Today, the two cities facing each other across the Ottawa river have separate services, and elect difference mayors to run them: OC Transpo serves Ottawa, the Société de Transport de l’Outaouais (STO) serves  Gatineau, and few tickets are transferrable between the two systems.

OC Transpo is currently constructing a light rail system to many parts of Ottawa; but proposals to expand the route into Gatineau, or to merge the two transport systems have been fraught with obstacles. The City of Ottawa owns a disused railway bridge, connecting the two cities, but arguments about funding and political differences have so far prevented it from being used as part of the light rail extension project.

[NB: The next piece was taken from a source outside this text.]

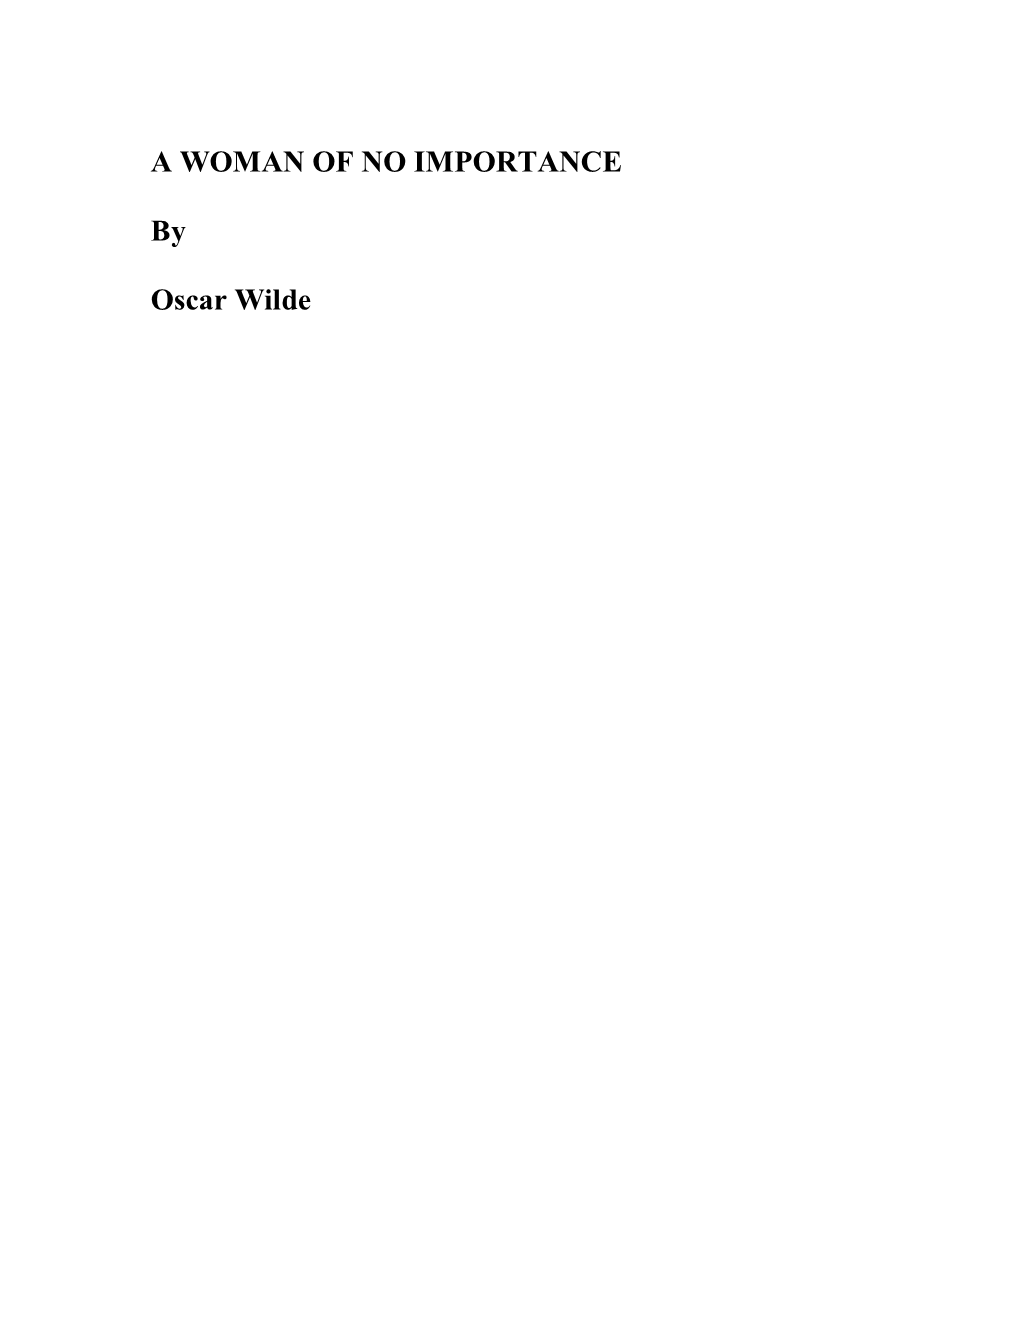 A WOMAN of NO IMPORTANCE by Oscar Wilde

The divisions between Ottawa and Gatineau are made all the more unusual by the fact that Ottawa is the federal capital of Canada – a country where bilingualism is entrenched in the Charter of Rights & Freedom as a bedrock principle of the Canadian constitution. As a result, while all proceedings within the Canadian legislature are bilingual, this principle of bilingualism is not reflected on the streets surrounding the building.

The inevitable map. Image: Google.

These linguistic, as well as political, differences have been a long-running theme in Canadian politics. Quebec held independence referendums in both 1980 and 1995; in the latter, the separatists were defeated by a margin of less than 0.6 per cent. Quebecois independence would be made all the more humiliating for Canada by the fact it would be losing the Canadian Museum of History in Gatineau, while its parliament was forced to look out across the river at its new neighbours.

While Quebec as a whole only narrowly rejected independence in 1995, 72 per cent of Gatineau residents voted against the separatist proposal. The presence of many federal employees living in the city, who commute to Ottawa, meant that the city was rather unenthusiastic about the prospect of independence.

So, with Quebec nationalism currently at a low ebb, Gatineau seems set to remain a part of Canada – albeit while retaining its independent from the other half of its conurbation, across the river. While recent challenges such as flooding may have been better tackled by a unitary authority, the National Capital Region seems set to remain a tale of two cities.